MATERIAL PROVIDED:
Start of Block
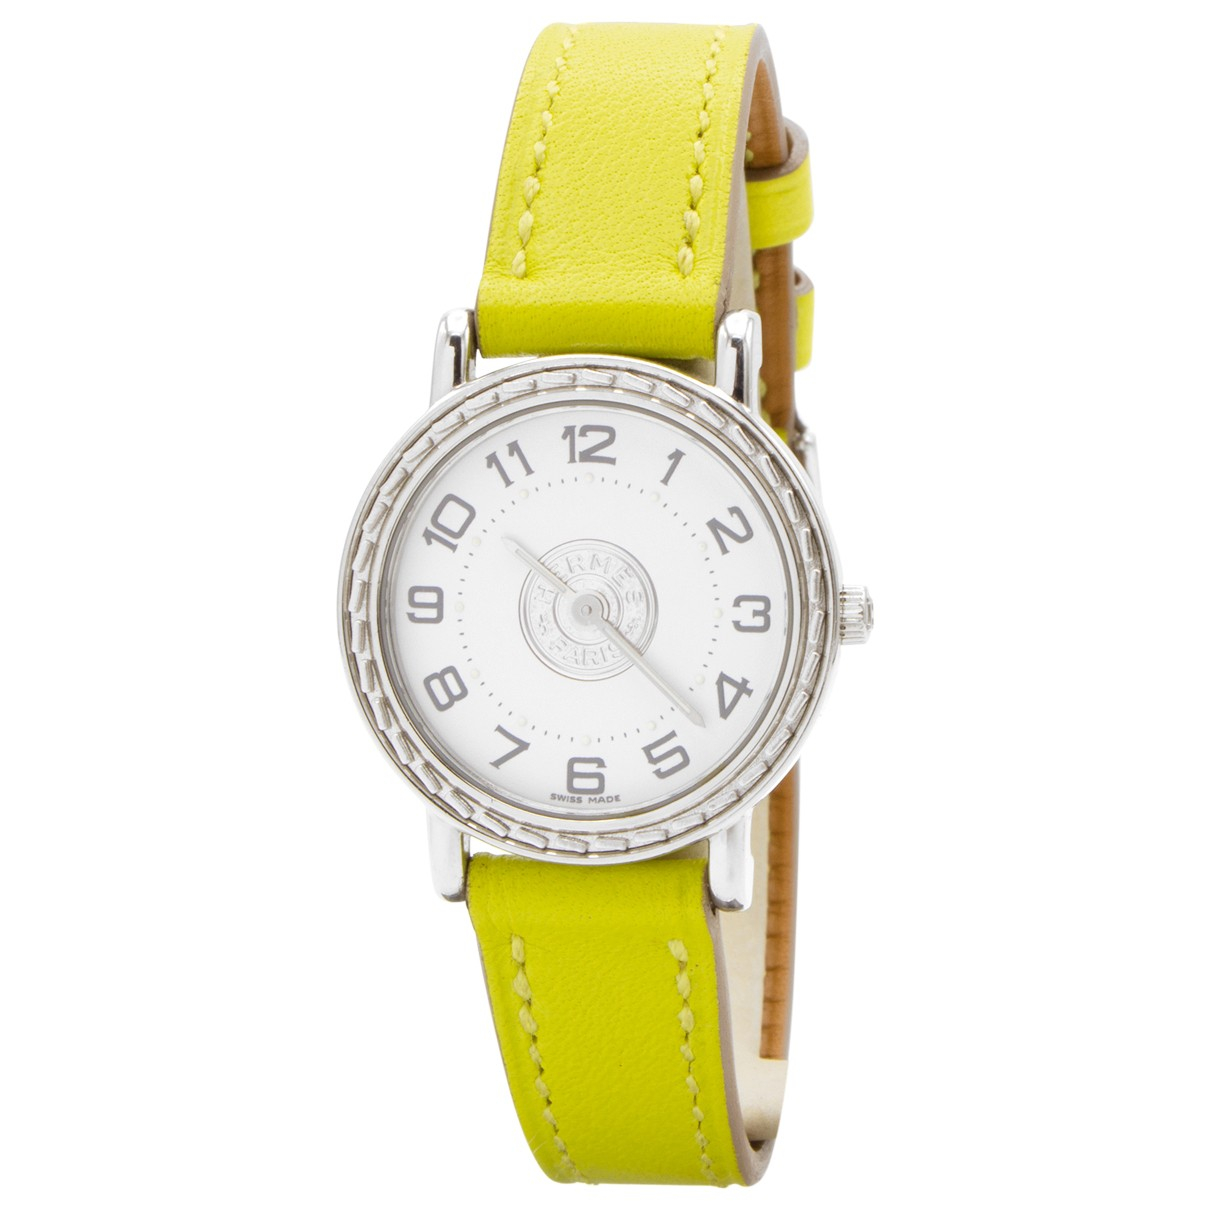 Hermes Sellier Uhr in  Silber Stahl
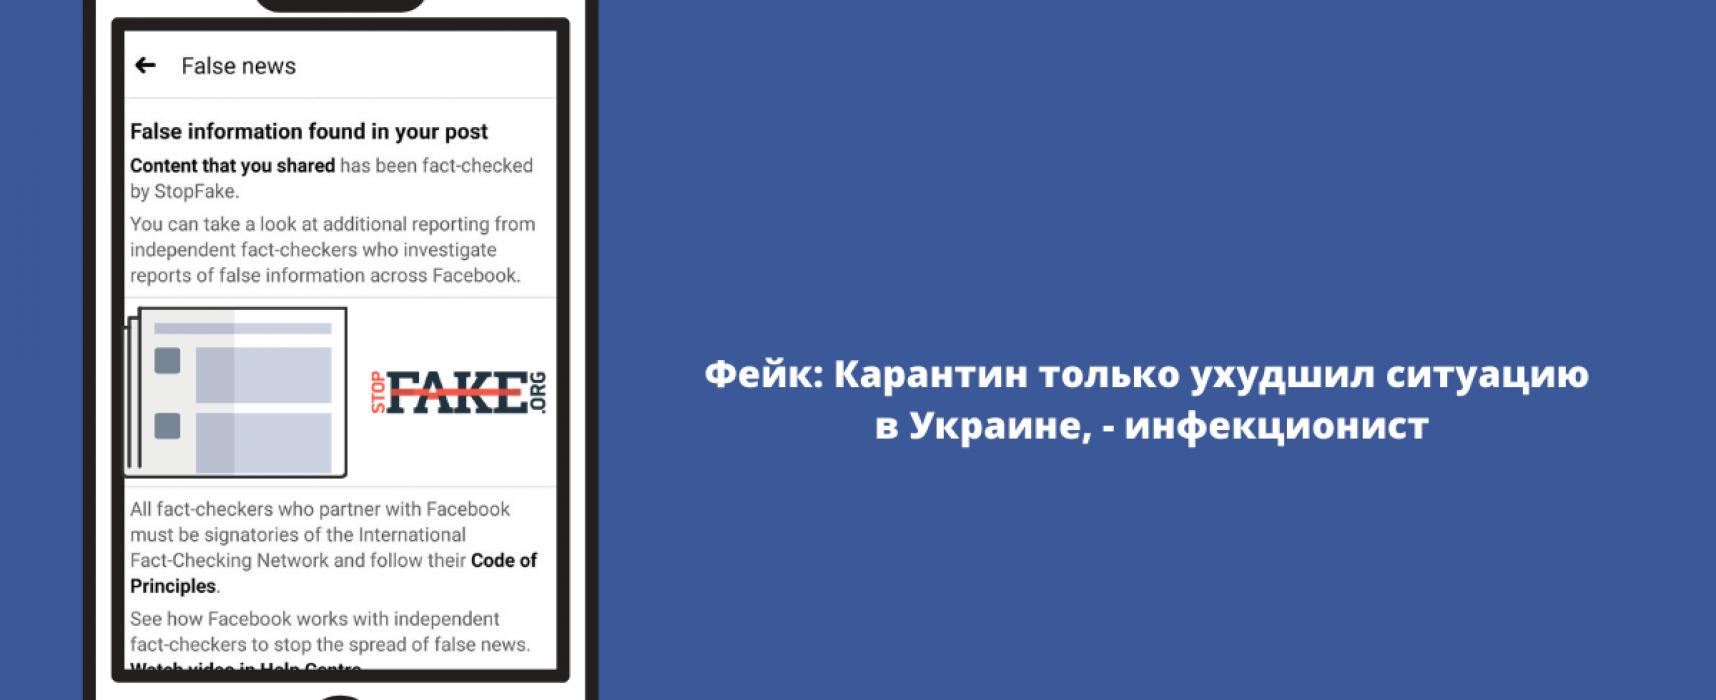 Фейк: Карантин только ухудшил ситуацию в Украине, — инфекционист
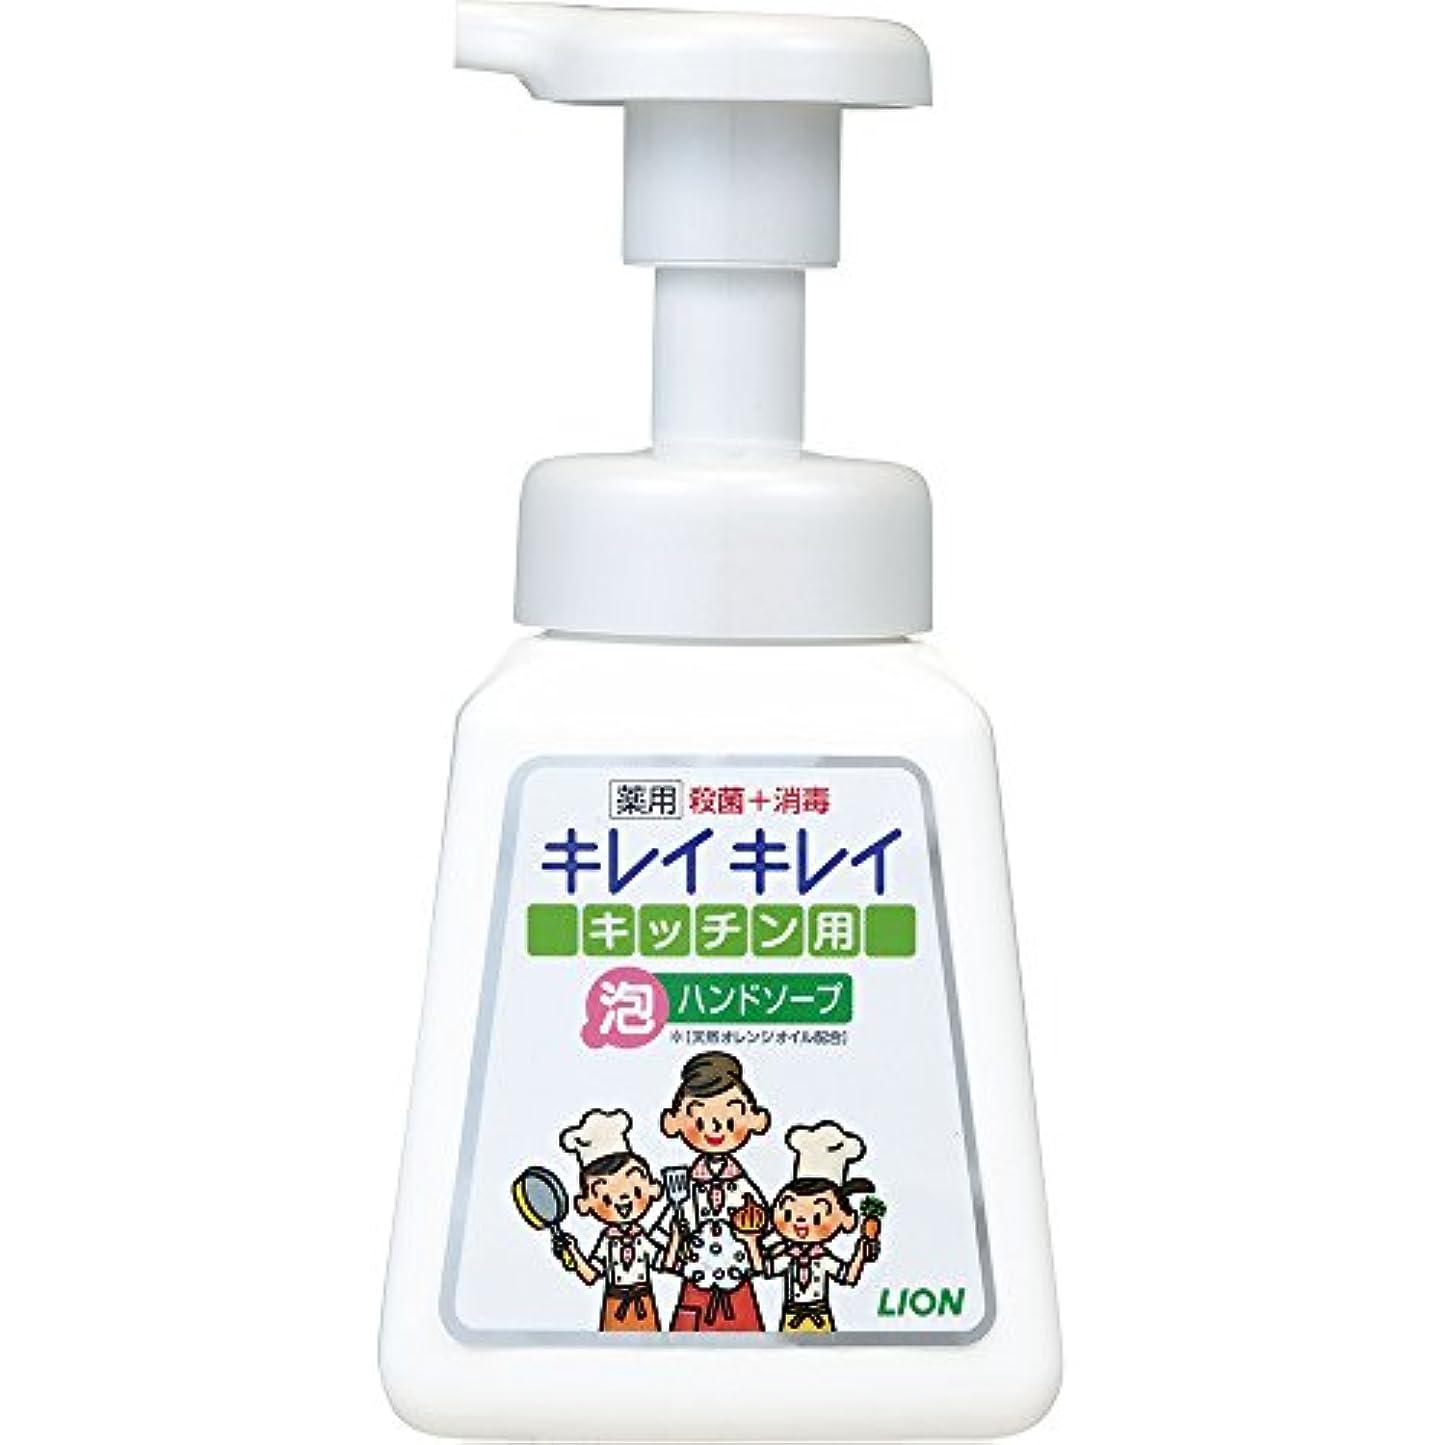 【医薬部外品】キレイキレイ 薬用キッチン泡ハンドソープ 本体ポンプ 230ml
End of Block
Write every line above again exactly, but leave the pictures out.

TASK ANSWER:
 Hermes Sellier Uhr in  Silber Stahl
 Фейк: Карантин только ухудшил ситуацию в Украине, — инфекционист
 【医薬部外品】キレイキレイ 薬用キッチン泡ハンドソープ 本体ポンプ 230ml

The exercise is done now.